La ciencia ha corroborado la efectividad de la medida de prevención. Aunque para obtener todos los beneficios es clave que la mascarilla tape boca, mentón y nariz. 

Algunos países reglamentaron multas si un ciudadano se resiste al uso de mascarillas, como Francia, Nueva Zelanda, Alemania, Irlanda y Grecia.
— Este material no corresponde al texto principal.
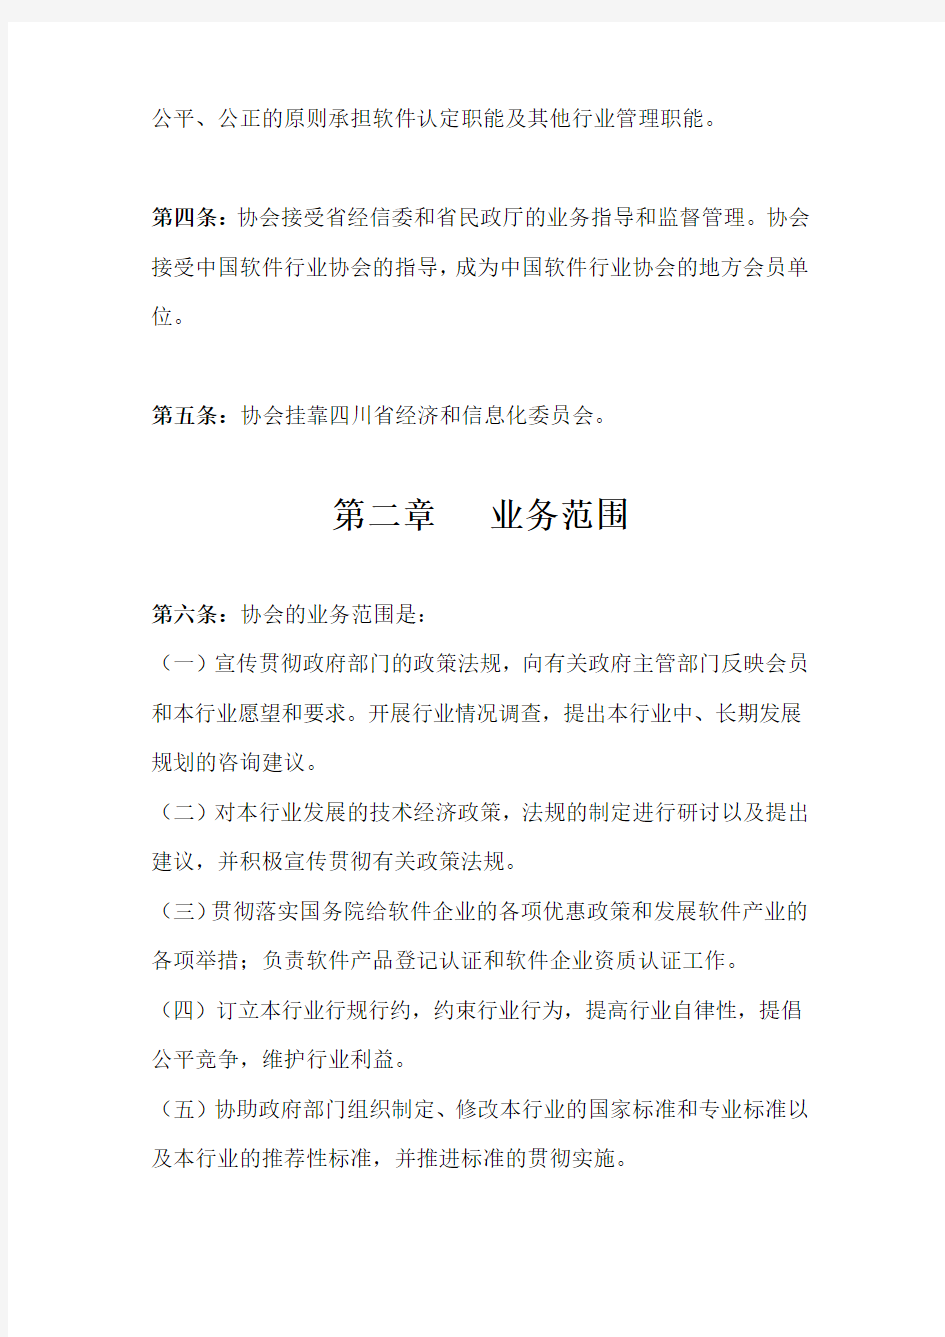 四川省软件行业协会章程

En otros sitios depende de los gobiernos municipales y provinciales como el caso argentino.

Luego de todo tipo de especulaciones desde el inicio de la pandemia, día a día queda en evidencia la efectividad del barbijo o tapaboca para prevenir contagios.


Sin embargo esa no es toda su funcionalidad, sino que además se descubrió que el uso de esta medida de prevención aumenta las probabilidades de ser asintomático. 

¿Por qué?

Porque el grado de infección de COVID-19 depende de el nivel de exposición que tuvo la persona a las microgotas portadoras del virus.

A esto se lo denomina inóculo viral, es decir que cuando une persona está más expuesta al coronavirus más fácil es que su sistema inmune no pueda defender el cuerpo en su totalidad. 

Pero al estar cubiertos por la barrera de la mascarilla las probabilidades de ser asintomático o de cursar una enfermedad leve son mayores. 

Así lo comprobaron los países con poblaciones más acostumbras al uso de estos elementos, ya que allí se observaron tasas más bajas de mortalidad y de infección severa. 

No obstante, para gozar de todos sus beneficios, las mascarillas deben tapar la boca, mentón y nariz. Y deben utilizarse tanto en lugares cerrados como abiertos.